Вскоре несчастная больная умерла.
– Так должно было случиться, Антония, – сказал Хоакин, – наука тут бессильна!
– Да, видно, так судил господь!
– Господь?
– Ах! – И глаза Антонии, наполненные слезами, впились в глаза Хоакина, сухие и жесткие. – Как, разве вы не верите в бога?
– Я?… Не знаю!..
Чувство благочестивого сострадания к врачу, которое возникло в этот момент в душе Антонии, заставило ее на минуту забыть о смерти матери.
– Что сталось бы теперь со мной, если бы я не верила в бога?
– Жизнь всемогуща, Антония.
– Думаю, что смерть еще более могущественна! Вот теперь… совсем одна… без близких…
– Я тебя понимаю, Антония, одиночество ужасно. Но у тебя хоть осталось святое воспоминание о матери, ты можешь молить за нее господа… А ведь есть одиночество другого рода, куда более страшное!
– Какое же?
– Одиночество человека, которого все презирают, над которым все потешаются… Одиночество человека, которому никто никогда не скажет слова правды…
– А какую правду вы хотели бы услышать?
– Вот ты можешь сказать мне правду, здесь, рядом с еще не остывшим телом твоей матери? Ты клянешься сказать мне правду?
– Конечно, скажу.
– Отлично. Скажи, я ведь малоприятный человек, правда?
– Нет, неправда!
– Правда, Антония…
– Нет, неправда!
– Так какой Же я человек в таком случае?…
– Вы? Вы несчастный человек, страдалец…
Лед в душе Хоакина растопился, и на глаза навернулись слезы. Душа его будто встряхнулась, радостно затрепетав.
Вскоре Хоакин и сирота решили узаконить свои отношения и пожениться, когда пройдет срок траура.
«Несчастная моя женушка, – записывал много лет спустя Хоакин в своей «Исповеди», – должна была не только любить меня и лечить, но и бороться с отвращением, которое я, без сомнения, ей внушал. Она никогда не жаловалась, никогда не давала мне это понять. Но как я мог не вызывать у нее отвращения, особенно после того, как я признался в зачумленности своей души, в гангрене своей ненависти? Она вышла за меня, как вышла бы за прокаженного – я в этом не сомневаюсь, – только по велению божественной своей благостности христианской жертвенности и духа самоотречения. Она жаждала спасти мою душу, а тем самым и свою через героизм святости. И она поистине была святой! И тем не менее она не излечила меня ни от Елены, ни от Авеля! Мало того – ее святость обернулась для меня новым поводом для угрызений совести, стала для меня вечным укором.

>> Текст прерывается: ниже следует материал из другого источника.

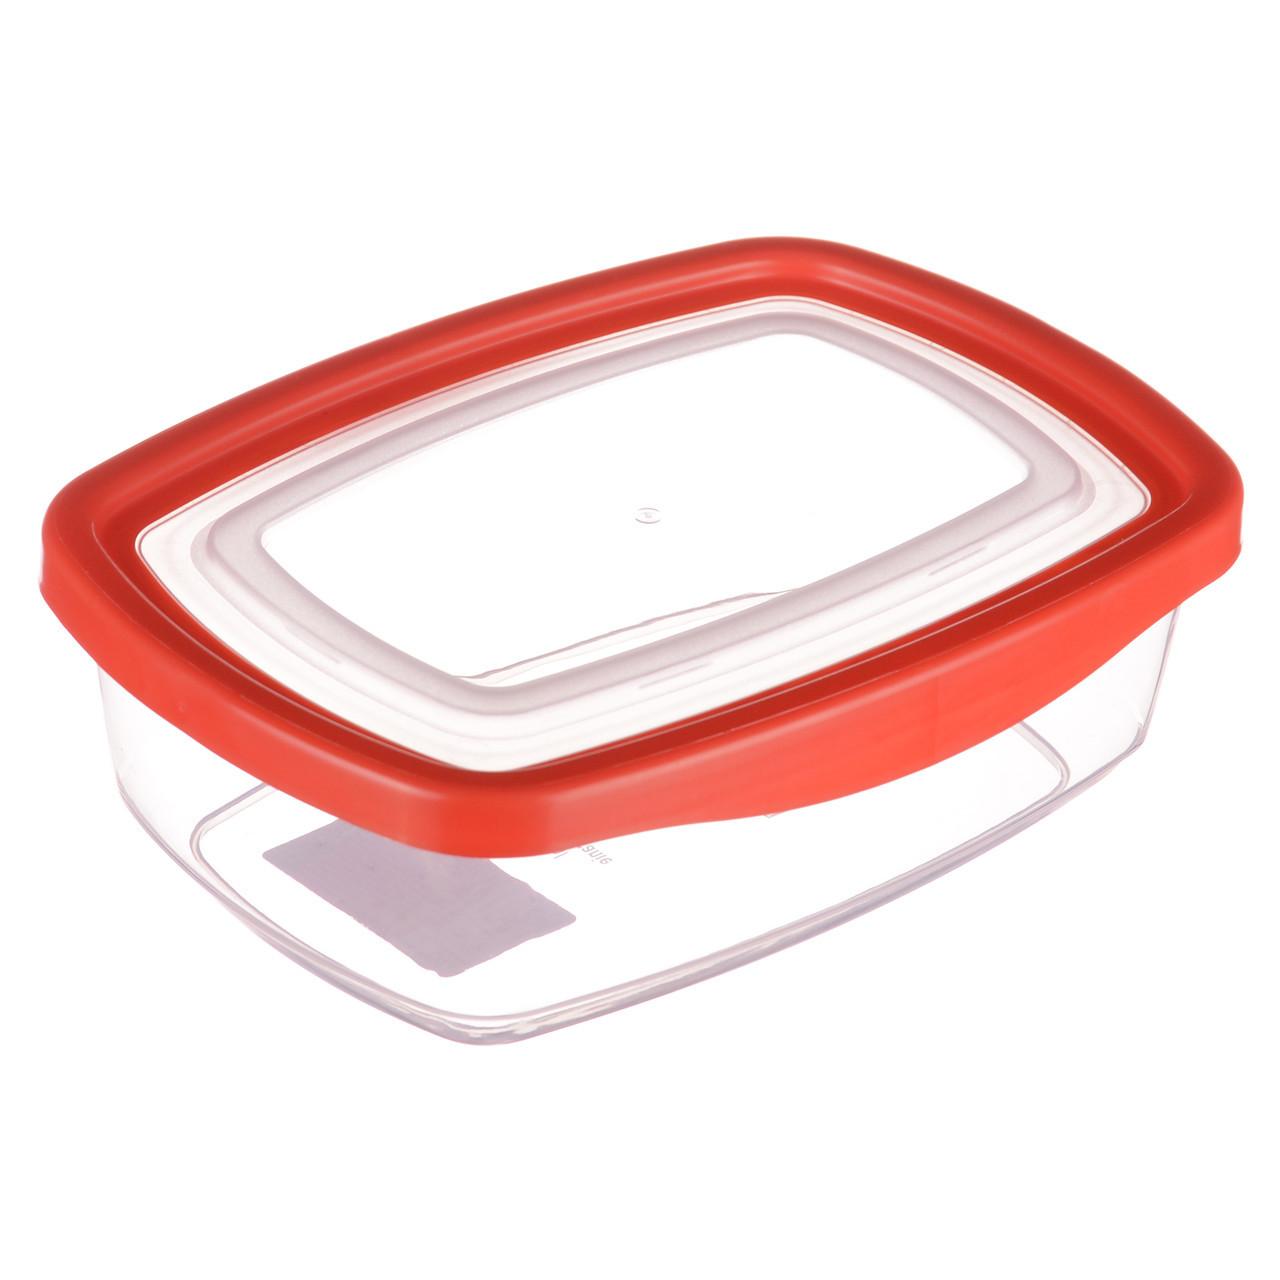 Пластиковый прямоугольный судок для пищи с плотной крышкой Keeper 1.1 л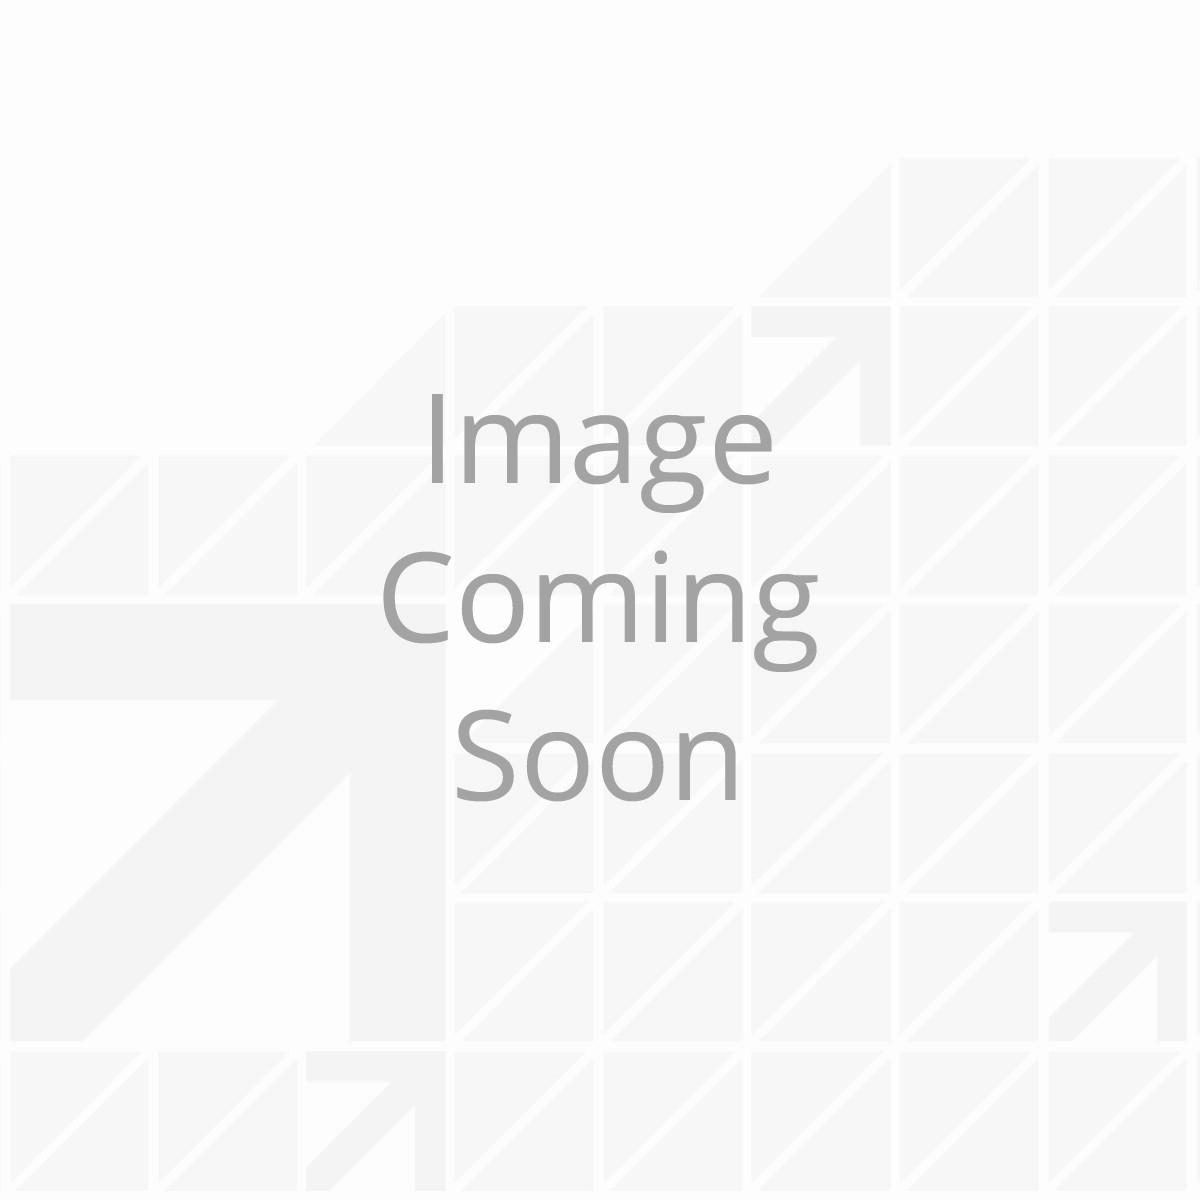 Jack Leg LW Leveling Jack (6K) (500730)

Ее кротость выводила меня из себя. Иной раз – да простит мне бог! – я предпочел бы видеть ее злой, разгневанной, презирающей».
VIII
Между тем слава Авеля продолжала расти и распространяться. Он стал одним из самых почитаемых художников Испании, молва о нем перешагнула границы. И эта растущая слава отзывалась в душе Хоакина острой болью. «Да, Авель очень рассудочный художник, отлично владеет техникой, эрудит, превосходно знает свое ремесло», – говаривал он о своем друге тоном, смахивавшим на змеиное шипение. Восхваляя Авеля, он стремился опорочить его.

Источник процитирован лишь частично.